# HW2 - Q4: Training a robust model & Tighter Certification (10 points)

**Keywords**: Adversarial Robustness Training

**About the dataset**: \
The [MNIST](https://en.wikipedia.org/wiki/MNIST_database) database (Modified National Institute of Standards and Technology database) is a large database of handwritten digits that is commonly used for training various image processing systems.\
The MNIST database contains 70,000 labeled images.
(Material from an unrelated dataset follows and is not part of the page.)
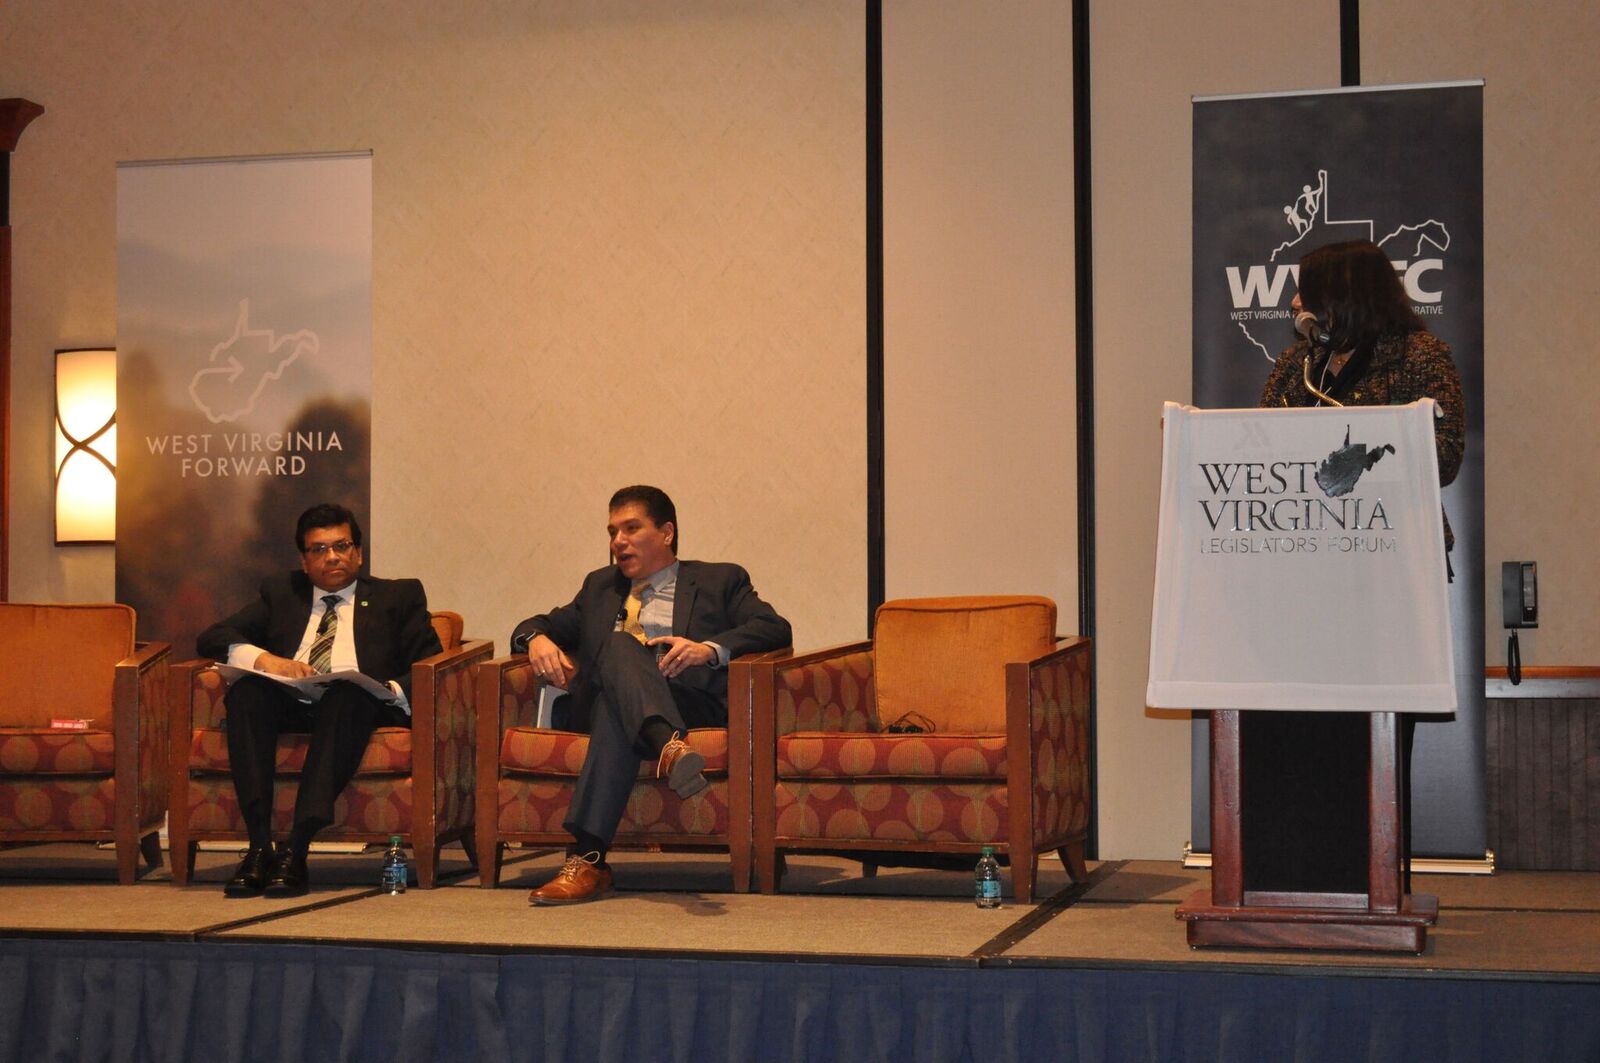 Avinandan Mukherjee, Marshall’s Dean of the Lewis College of Business, and Javier Reyes, WVU’s Dean of the John Chambers College of Business and Economics, participate in a panel, moderated by WVU Provost Joyce McConnell, during the WV Legislators' Forum

Each datapoint is a $28\times 28$ pixels grayscale image.

**Agenda**:
* In this programming challenge, you will train a 2-hidden layer neural network which is robust to adversarial attacks. 
* You will train models on adversarial examples generated using both FGSM and PGD.
* Finally, you will compare the robustness of a standard (non-robust) model vs. the robust models using both IBP and FastLin bound Algorithms.


**Note:**
* **It is recommended that you use GPU hardware accelaration for this question.**
* A note on working with GPU:
  * Take care that whenever declaring new tensors, set `device=device` in parameters. 
  * You can also move a declared torch tensor/model to device using `.to(device)`. 
  * To move a torch model/tensor to cpu, use `.to('cpu')`
  * Keep in mind that all the tensors/model involved in a computation have to be on the same device (CPU/GPU).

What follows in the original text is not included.